======== EXERCISE INPUTS ========
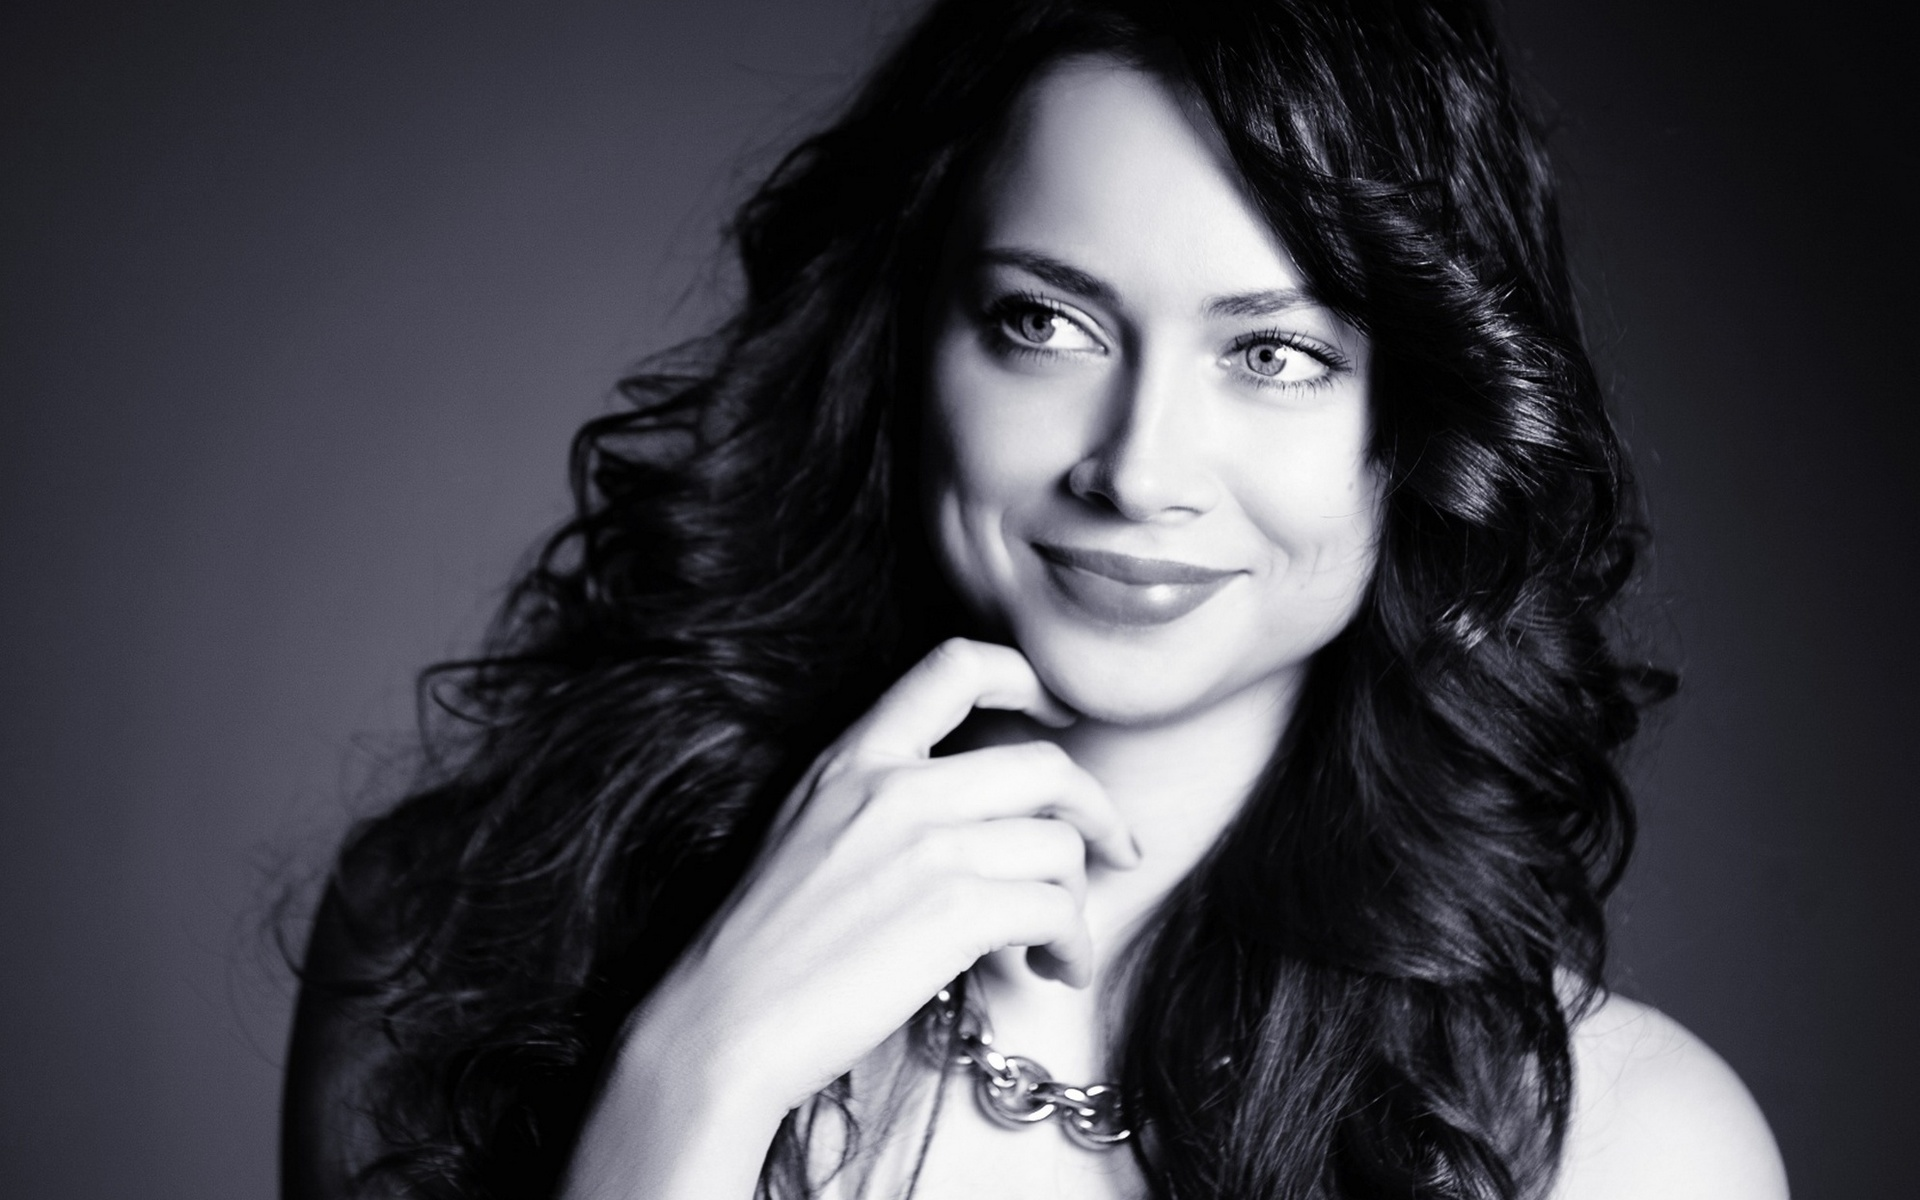 Фото российских актрис высокого разрешения, порно фото галереи мокрая киска
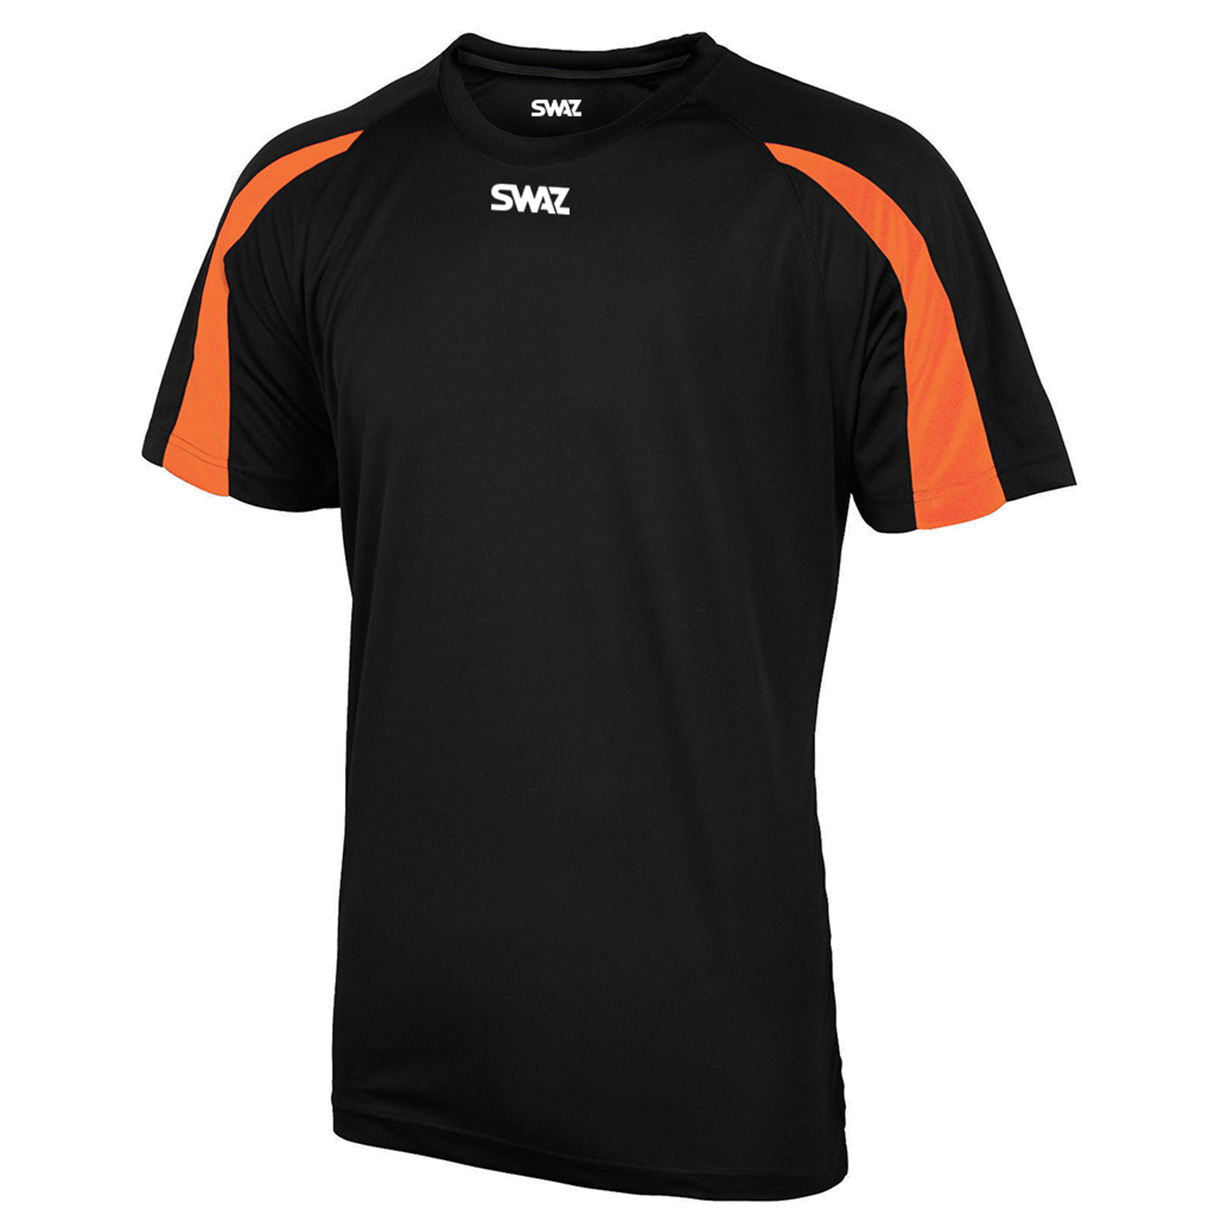 SWAZ Premier Training T-Shirt – Black/Orange
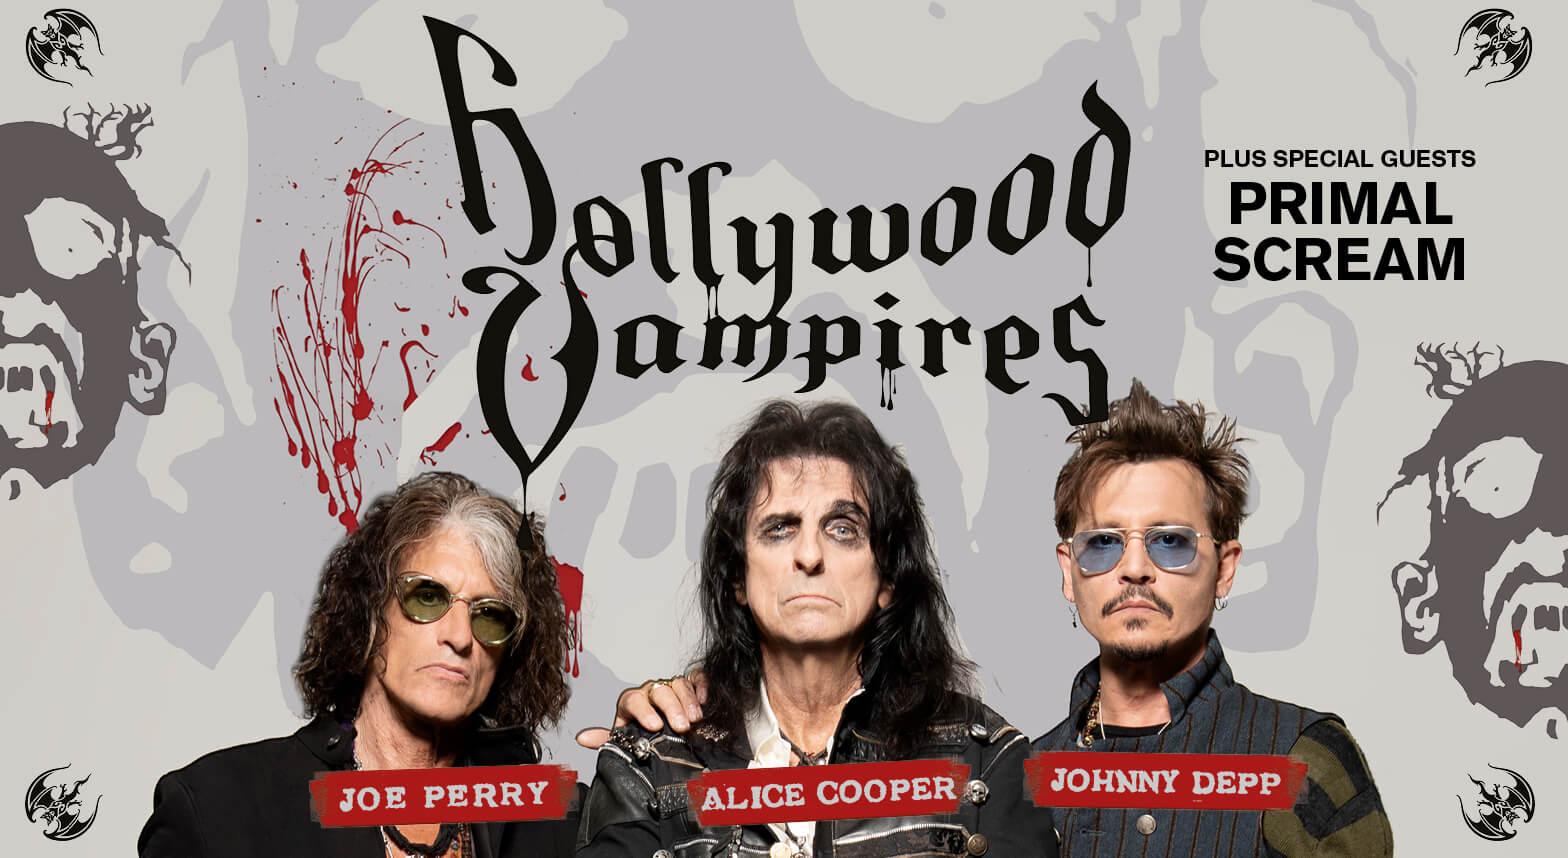 hollywood-vampires-arenas.jpg
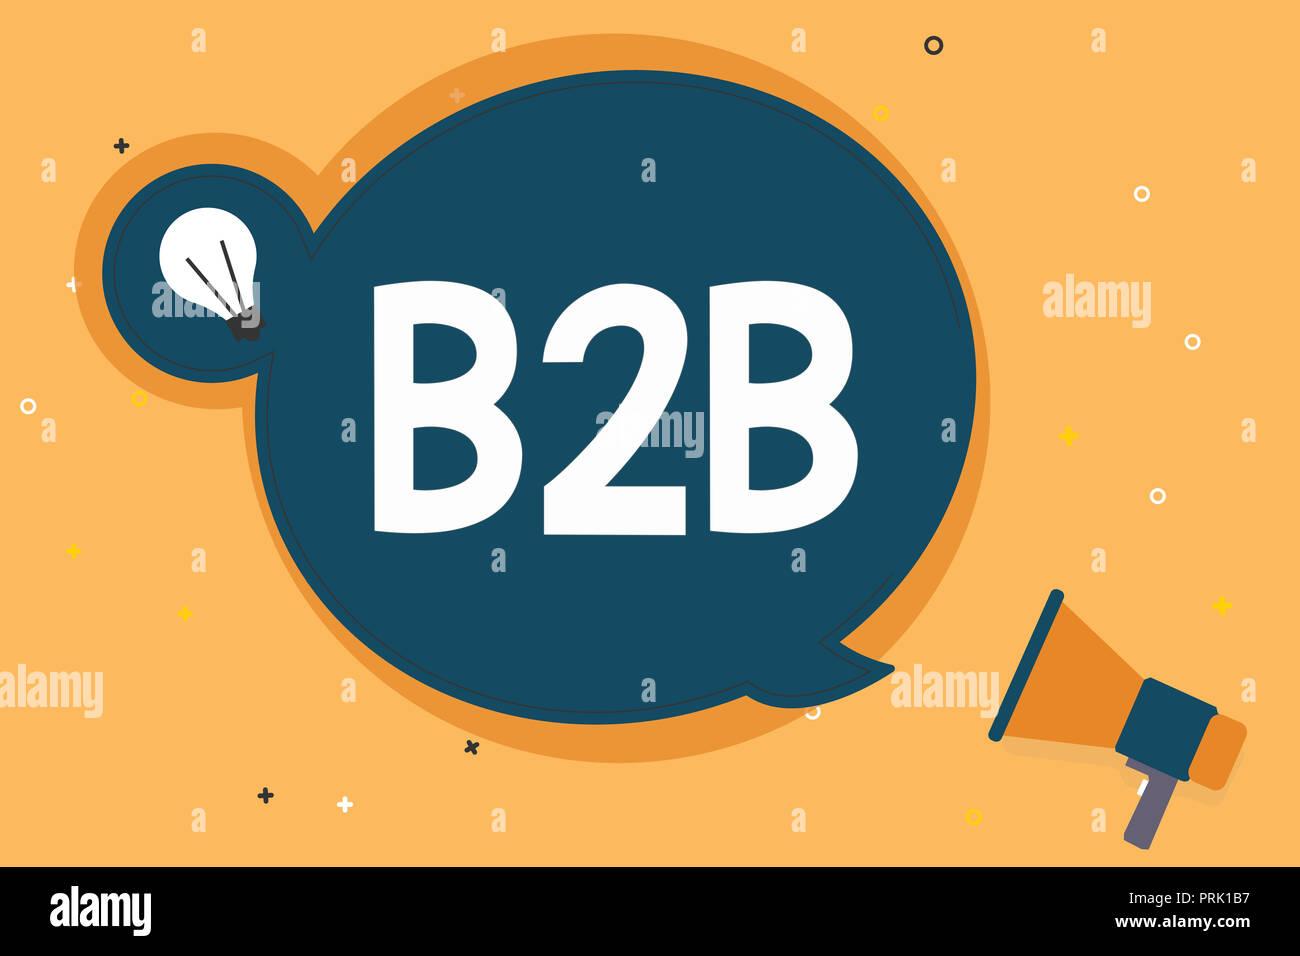 The B2B
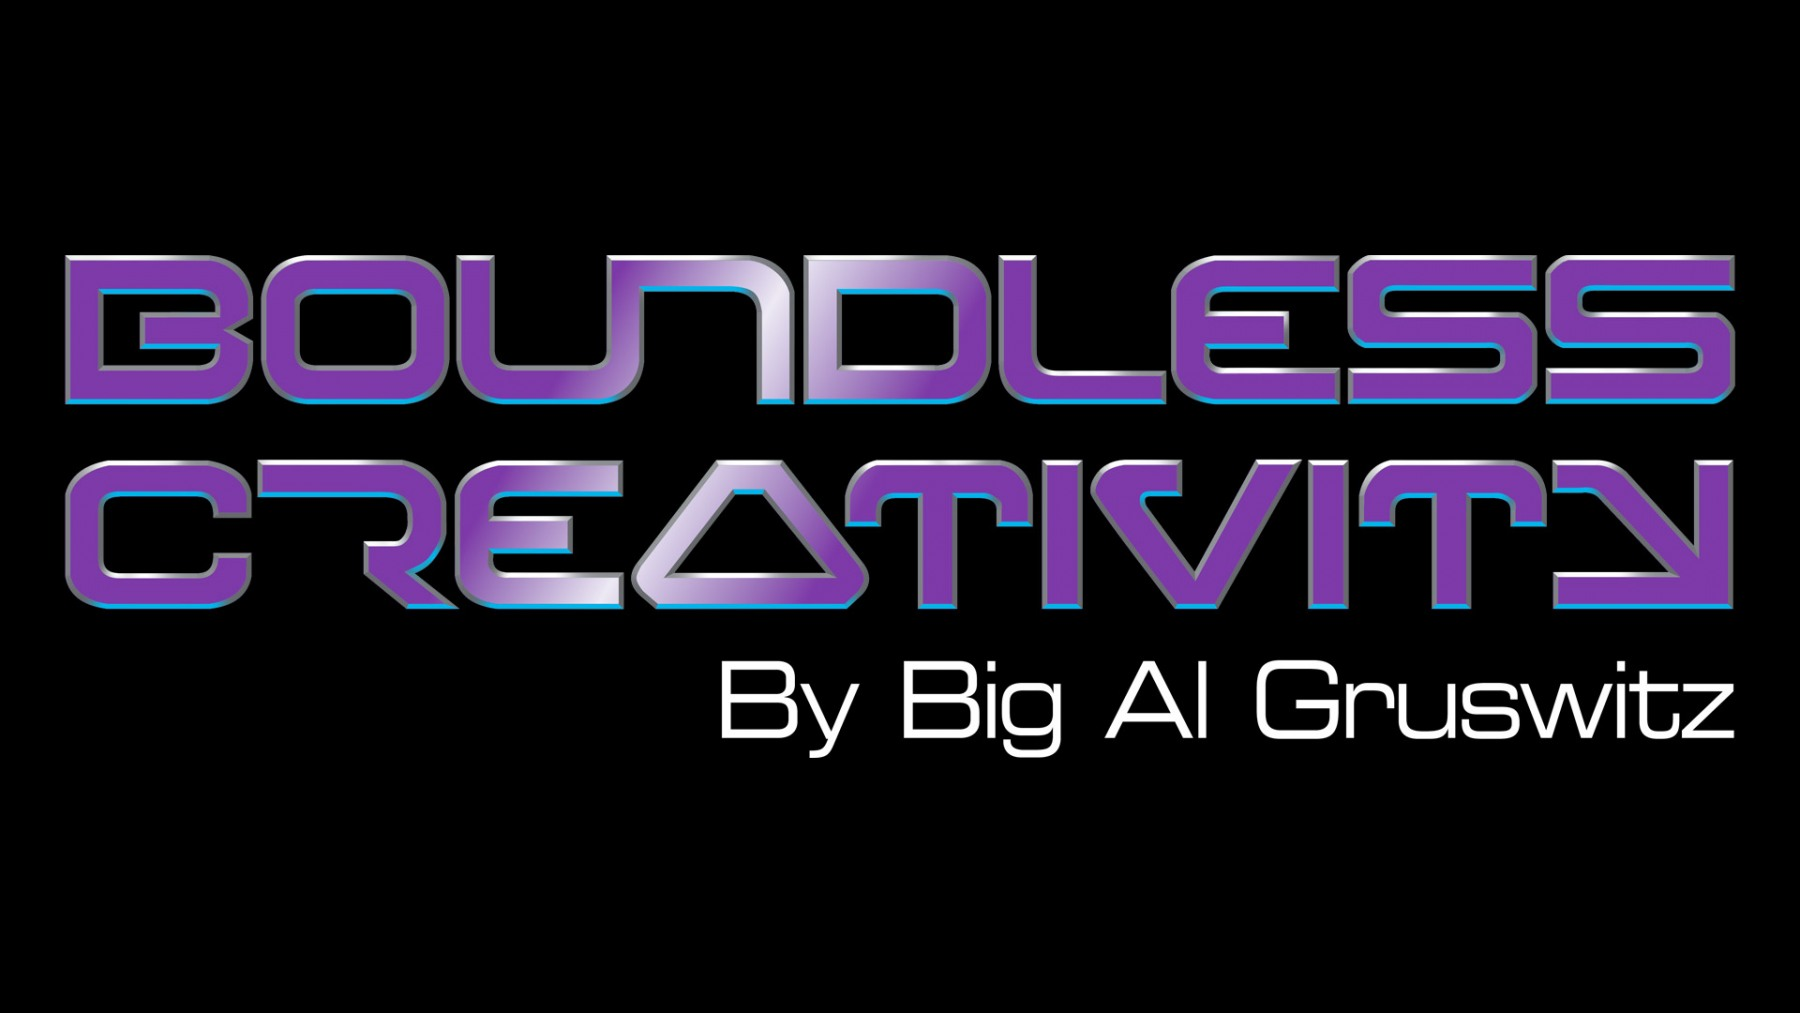 BOUNDLESS CREATIVITY LOGO
========
In the records above, find the line that contains "hollywood-vampires-arenas.jpg" and repeat exactly that line and all lines after it to the end. Do not include pictures.

FINISHED TASK:
 hollywood-vampires-arenas.jpg
 The B2B
 BOUNDLESS CREATIVITY LOGO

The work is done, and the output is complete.